## [Collected data]

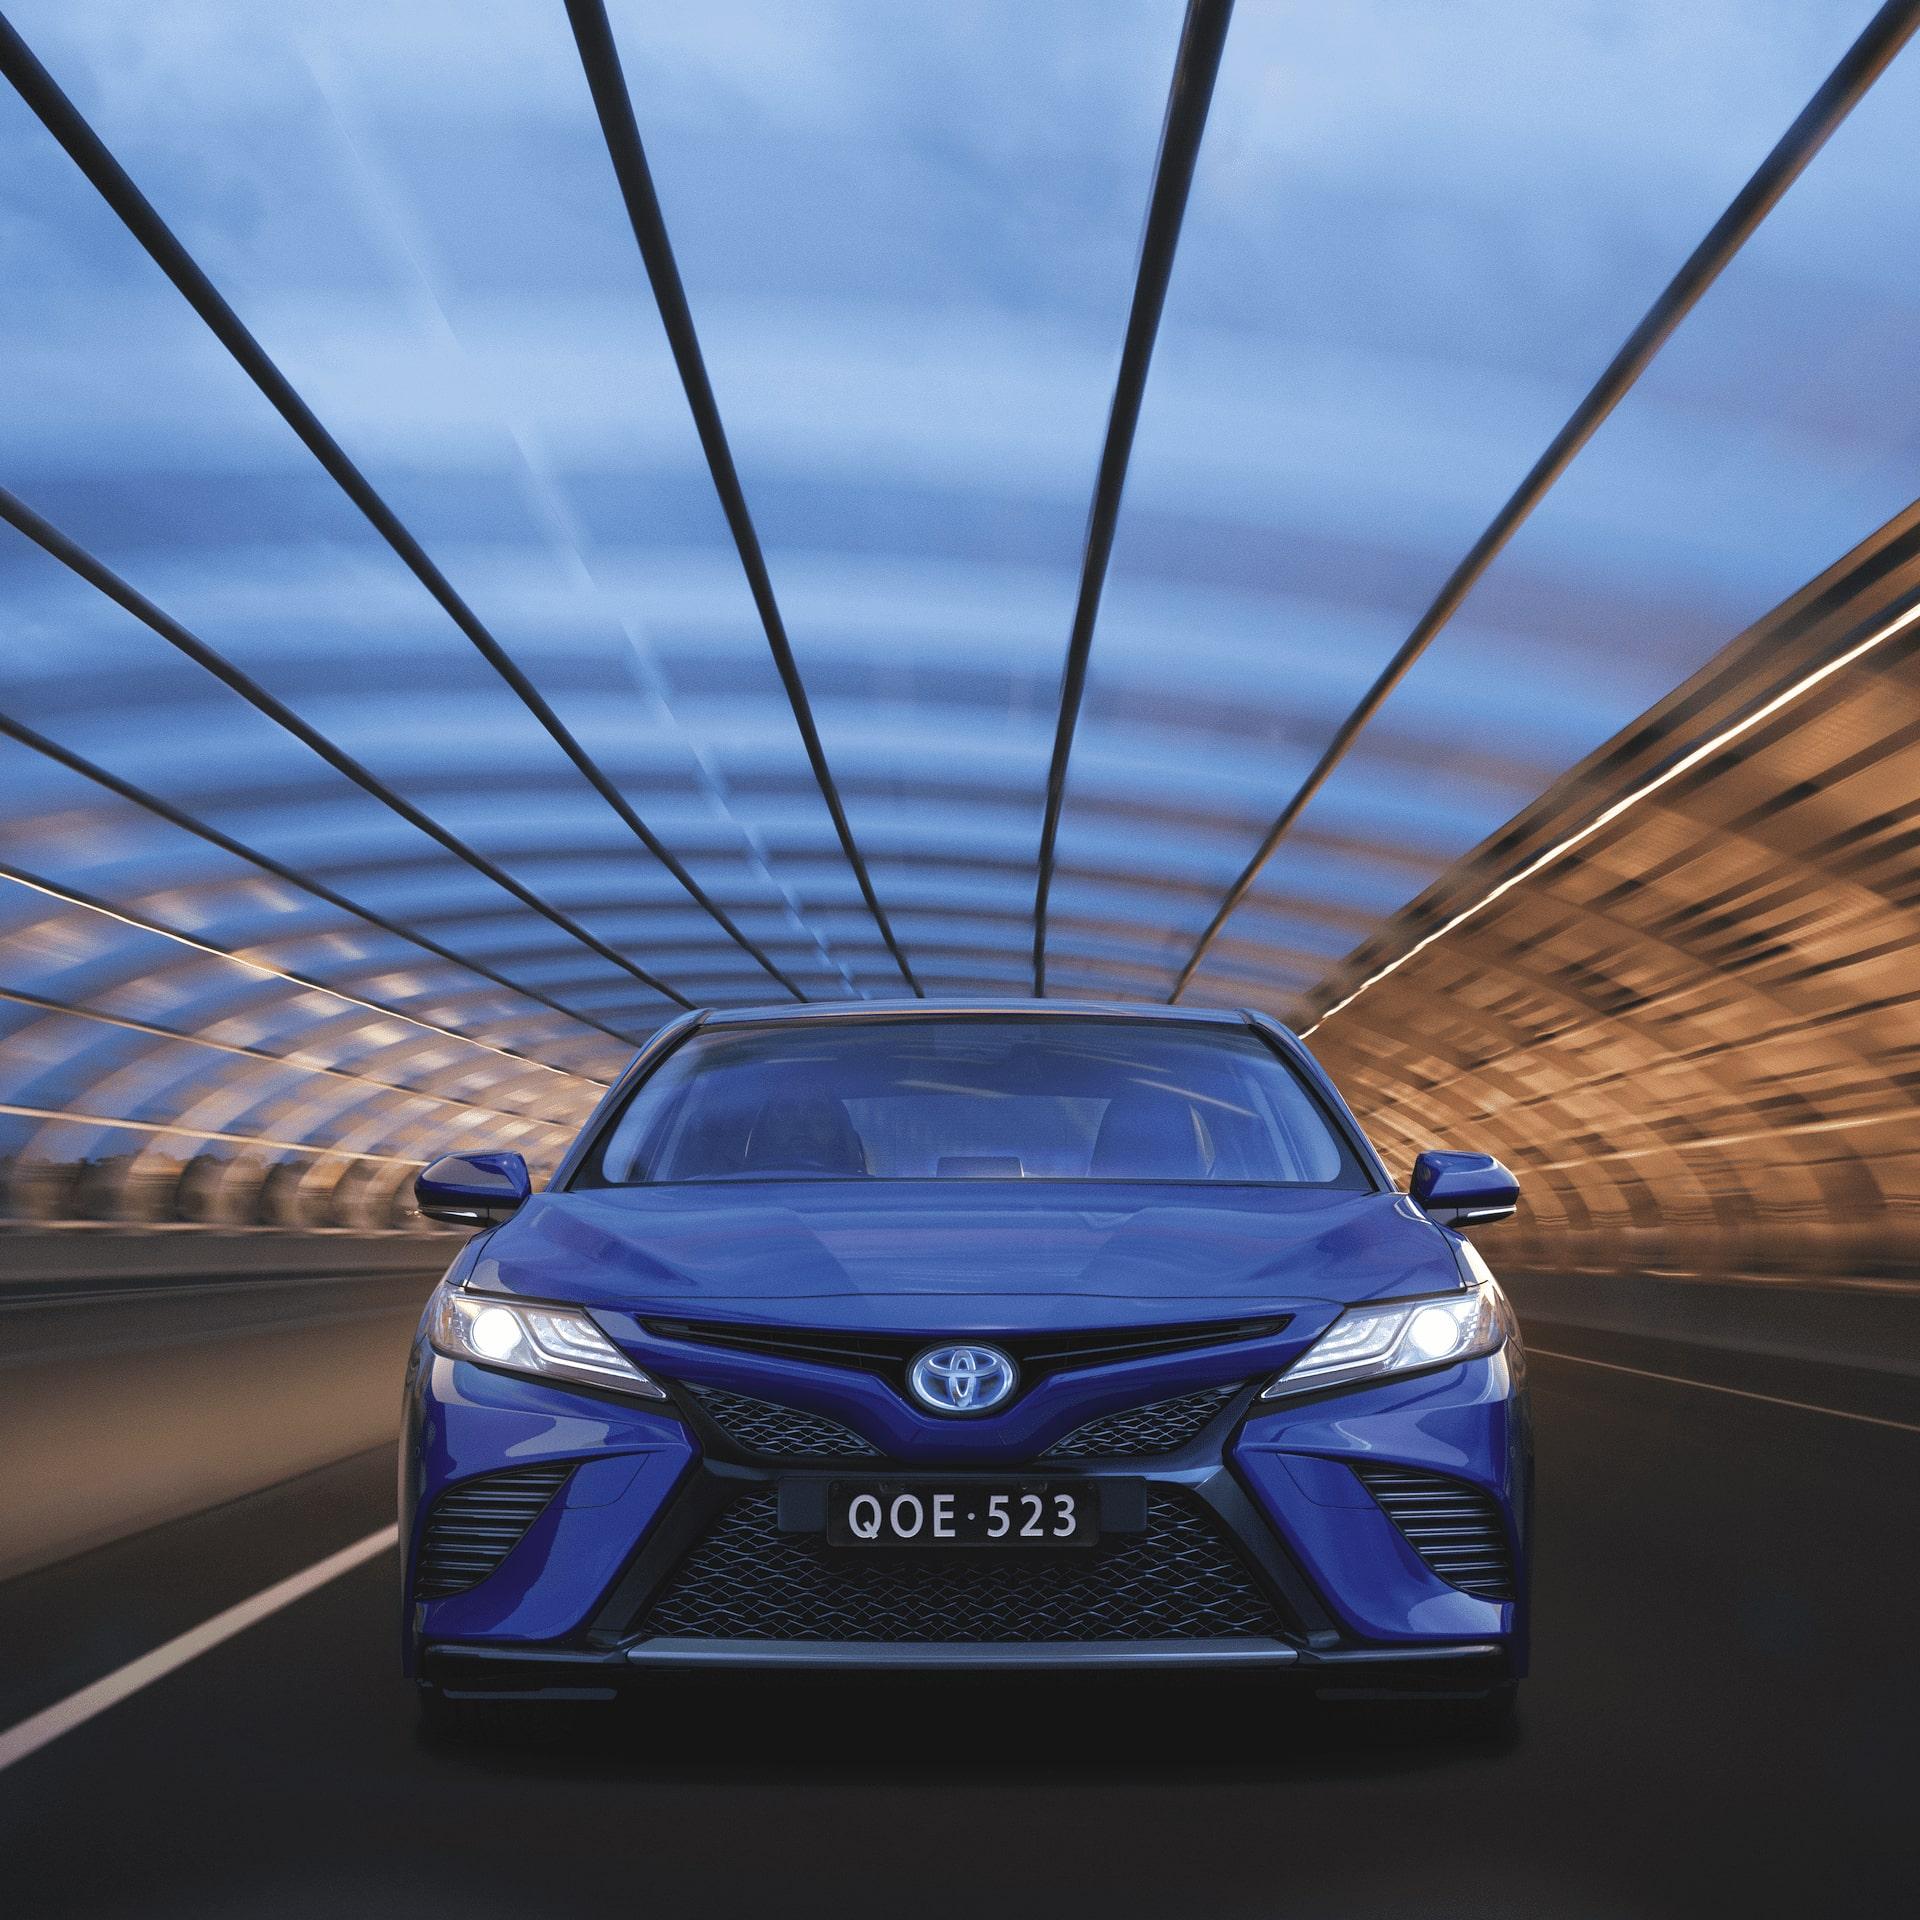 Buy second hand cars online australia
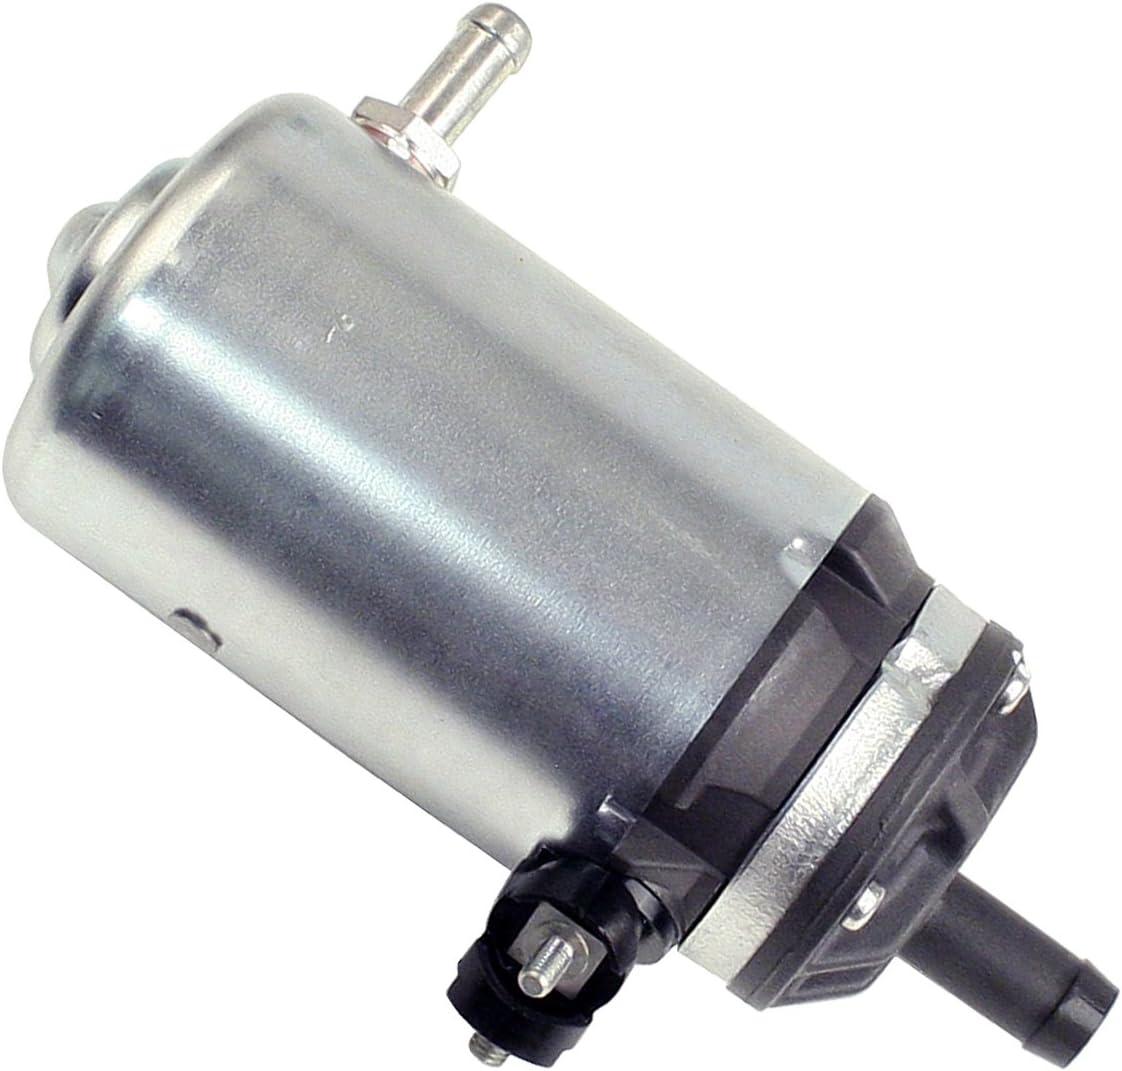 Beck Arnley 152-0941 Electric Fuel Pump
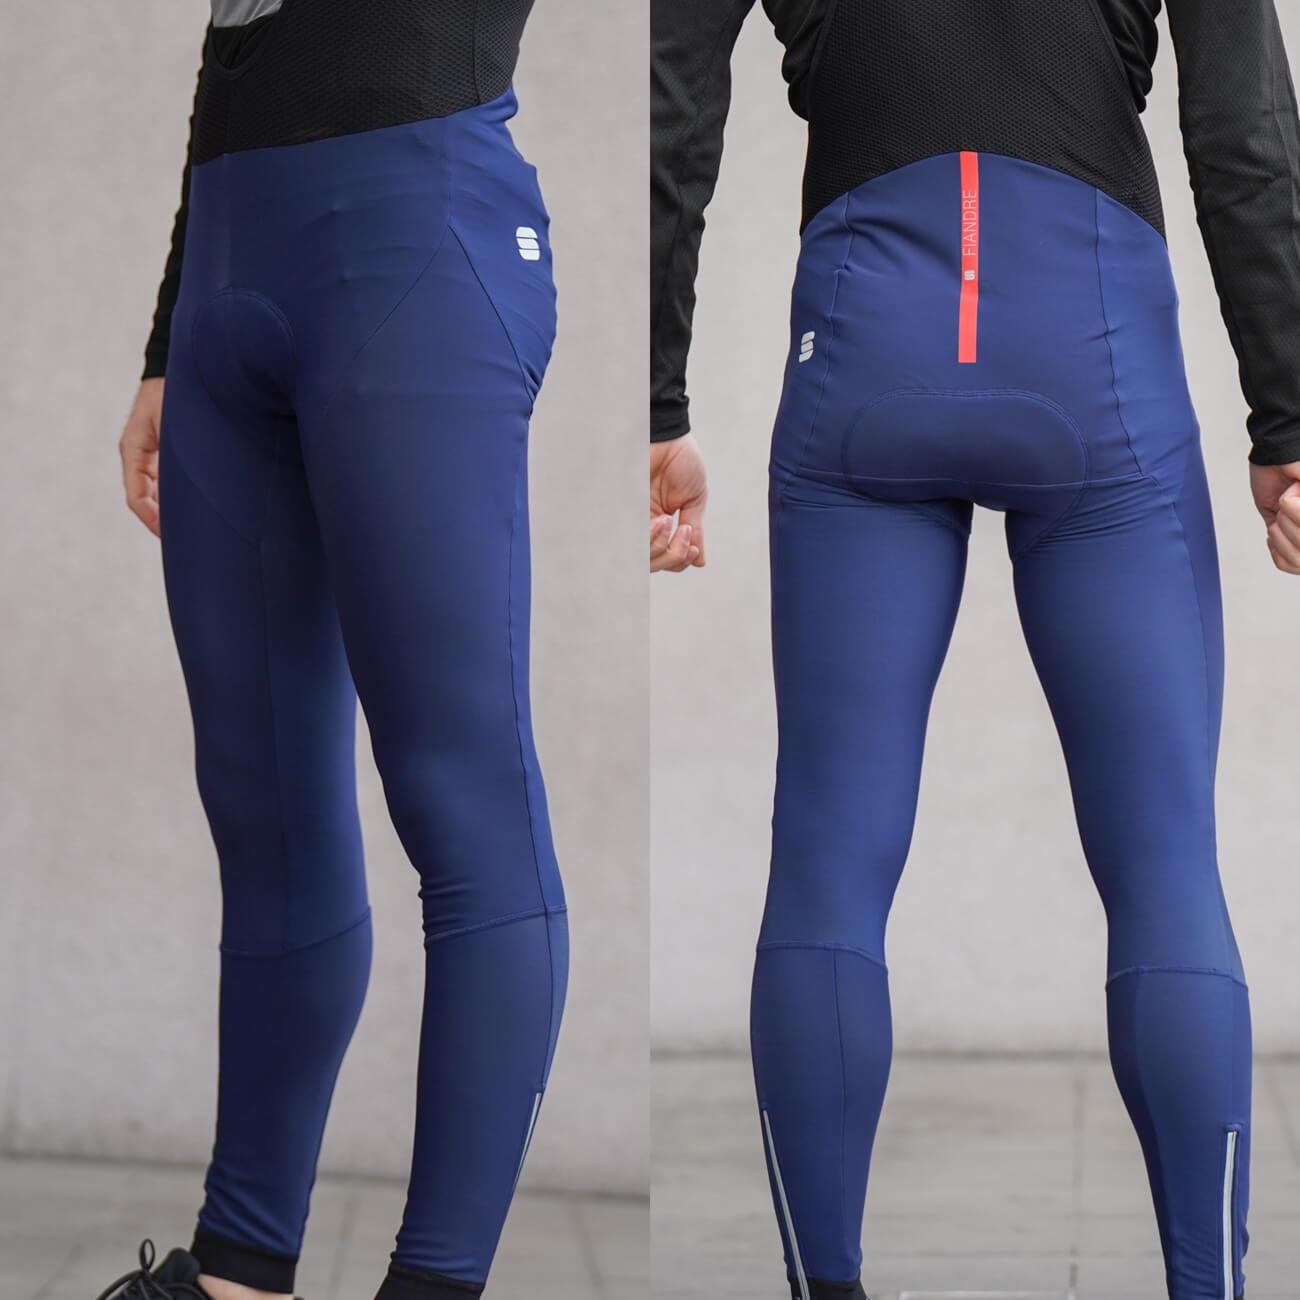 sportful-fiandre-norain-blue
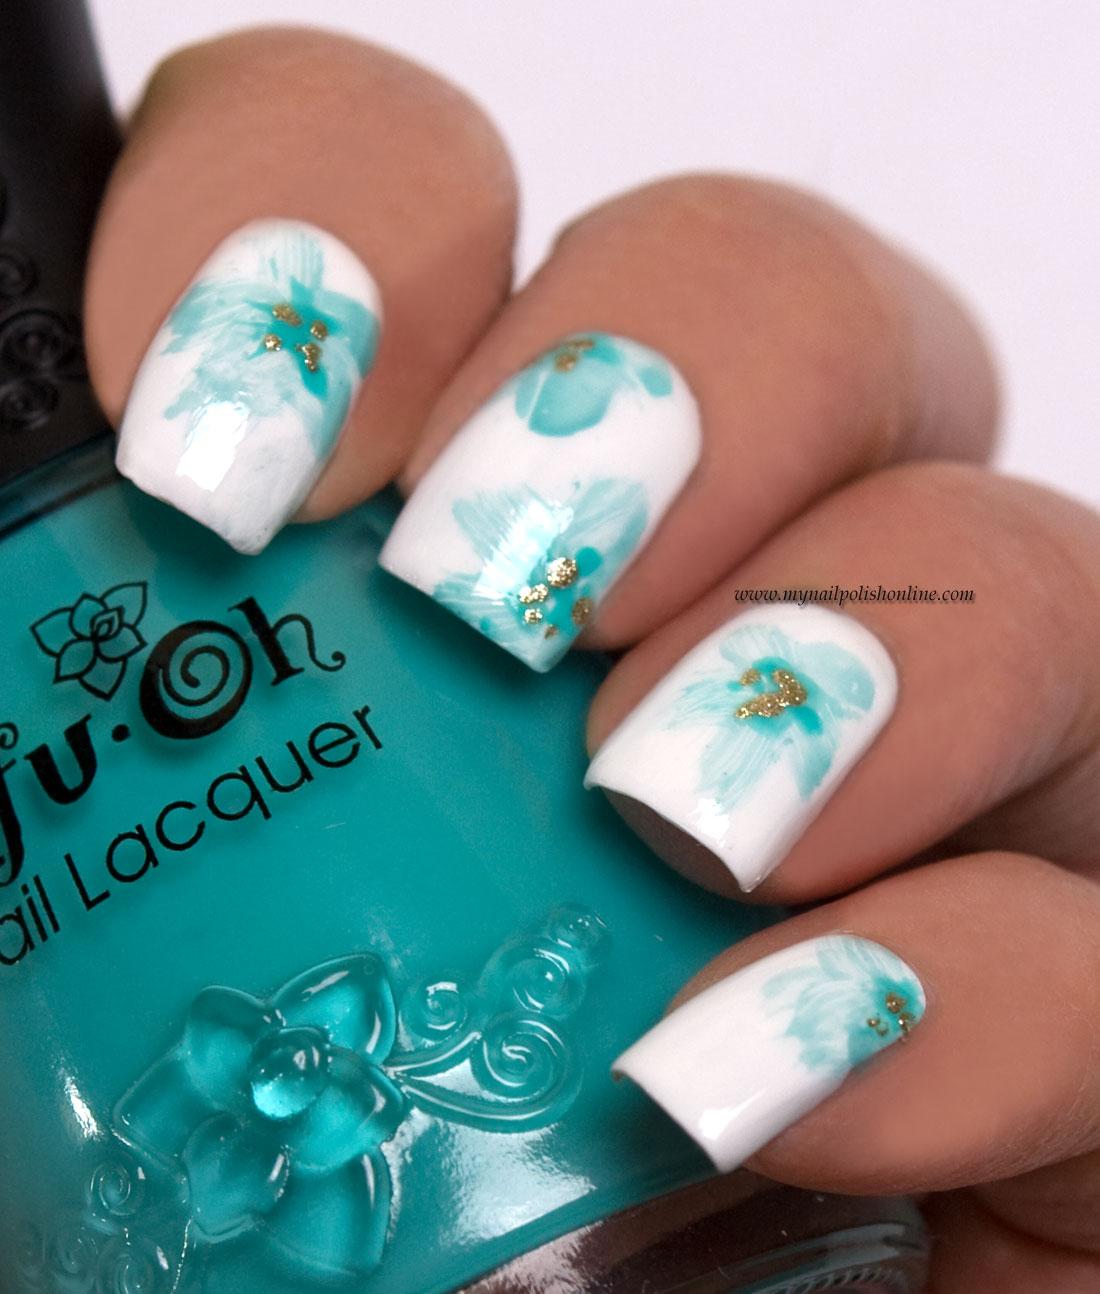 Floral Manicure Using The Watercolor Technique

## [Activity]
Take the data above and set it down exactly, images excluded.

## [Response for this exercise]
 Buy second hand cars online australia
 Beck Arnley 152-0941 Electric Fuel Pump
 sportful-fiandre-norain-blue
 Floral Manicure Using The Watercolor Technique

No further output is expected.